You might say that I have varied interests.
I'm the same guy who gets all enthralled at the beauty in a really terrific film like Lord of the Rings, who can dissect and discuss for hours the most subtle nuances of a particular musical passage by an obscure yet wholly worthy group. Who will appreciate wit and candor in someone viewed by their peers as just slightly left of center.
So it makes absolutely no sense that I'd get the least satisfaction from something as incredibly interstate bathroomish as NASCAR racing. But, lord help me, I do.
Some years ago Stu and his wife kidnapped Ally and me for a day. Took us up to Richmond for a race. I remember being only slightly put off by all the walking that was required to get from parking lot to track, bemused by all the vendors selling anything from T-shirts to chicken wings, surprised at the sheer numbers of people who turned out to see un-mufflered vehicles go around in circles on an asphalt roadway.
It was all a fairly yawning exercise indeed. Until they dropped the green flag. And I got that first whiff of racing gas and 40 cars wound up engines and flashed by with a stomach dropping sound. Or when two of them separated themselves from the pack and scorched each other's tires in a manic fight for first place.
I suddenly felt an aching need to buy a radio scanner complete with headphones so that I could listen in on every conversation these drivers had with their support team. Big RV's with season race passes to travel throughout the South seemed like a terrific idea. Tailgating in the parking lot. Cute golf shirts with team colors. Arguing over the relative merits of beer sponsorship. Anything emblazoned with a checkered flag.
Even with more recent sanitation of the whole NASCAR scene by the very people who run it, it still brings a thrill to hear that sound they make on that first lap.
I'm not sure that I can verbalize it. It's a sort of rebellion, I guess. The sort of "Take your 4 cylinder gas sipping import and catch this" thing that pure excess is all about. It has no intellectual pride, no soothing museum-Sunday boorishness at all. It absolutely makes you abandon your filet mignon in favor of a cheese dog with a squirt of mustard.
The whole forced hype of the thing.
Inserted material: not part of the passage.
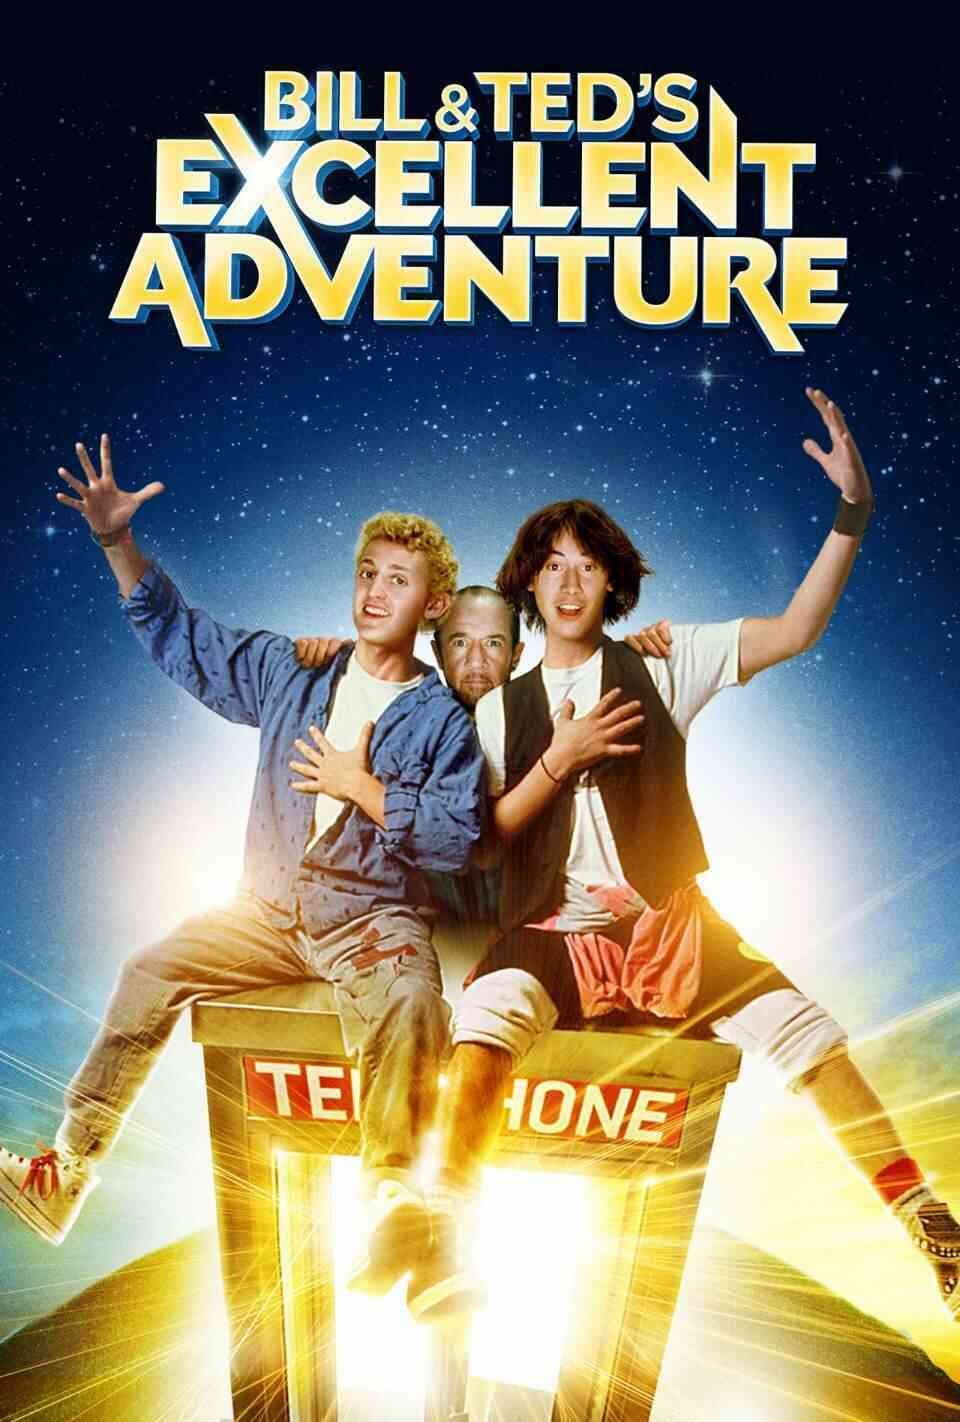 Read Bill & Ted's Excellent Adventure screenplay.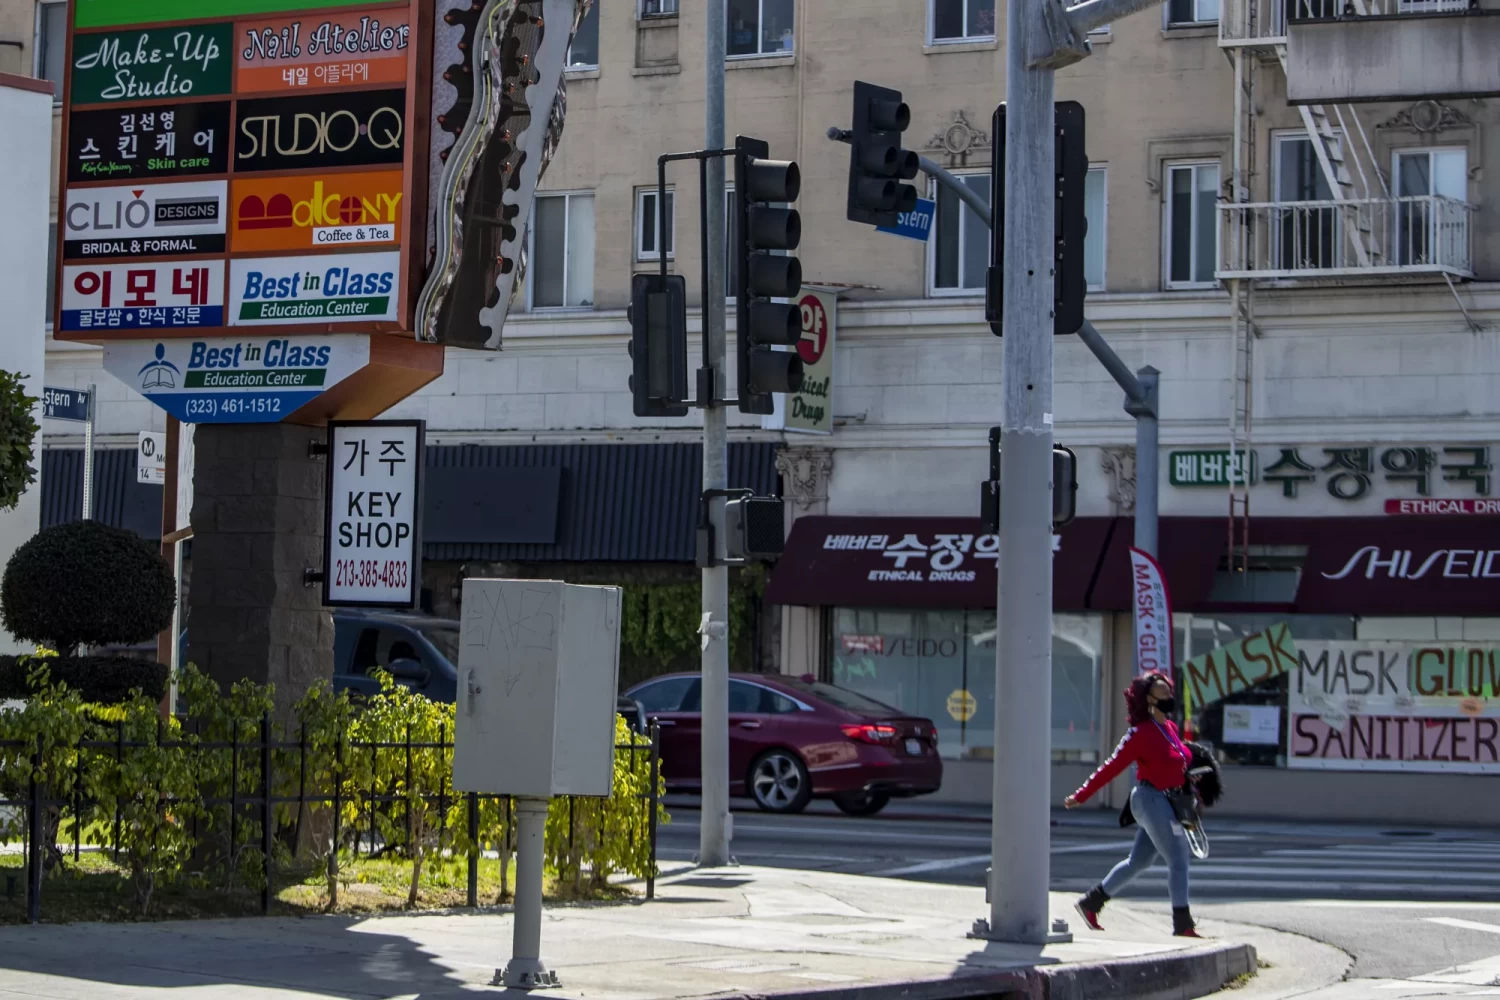 A block on Western Avenue in Koreatown, among many Los Angeles neighborhoods where development has pushed up home prices. (Brian van der Brug / Los Angeles Times)

They parade a series of ever younger, wholesome drivers before the clamoring throng, hoping that they will catch on and do well in promoting a grab bag of retail products colorfully emblazoned on the side of the cars. The older ones, whom I understandably have more of an affinity with, seem gruffer, a little more coarse around the edges. I can see some of them actually having driven moonshine down Tennessee or North Carolina back roads in the dead of night and then racing in some dirt field on Sunday. They have none of the corporate smoothness of some of the pink-cheeked newbies.
Yeah, I can't stand Jeff Gordon. That smirking sort of yuppie West Coast stuff leaves me cold.
I'll leave for Darlington in a couple of weeks and camp out in a parking lot for a few days with some other zealots. We'll light the symbolic grille with a handful of hickory chips and plunder the depths of huge coolers and buy lots of can cushies with car numbers on them and dial in our scanners and snicker at the Gordon fans.
And wonder how in the world things could be any better than this.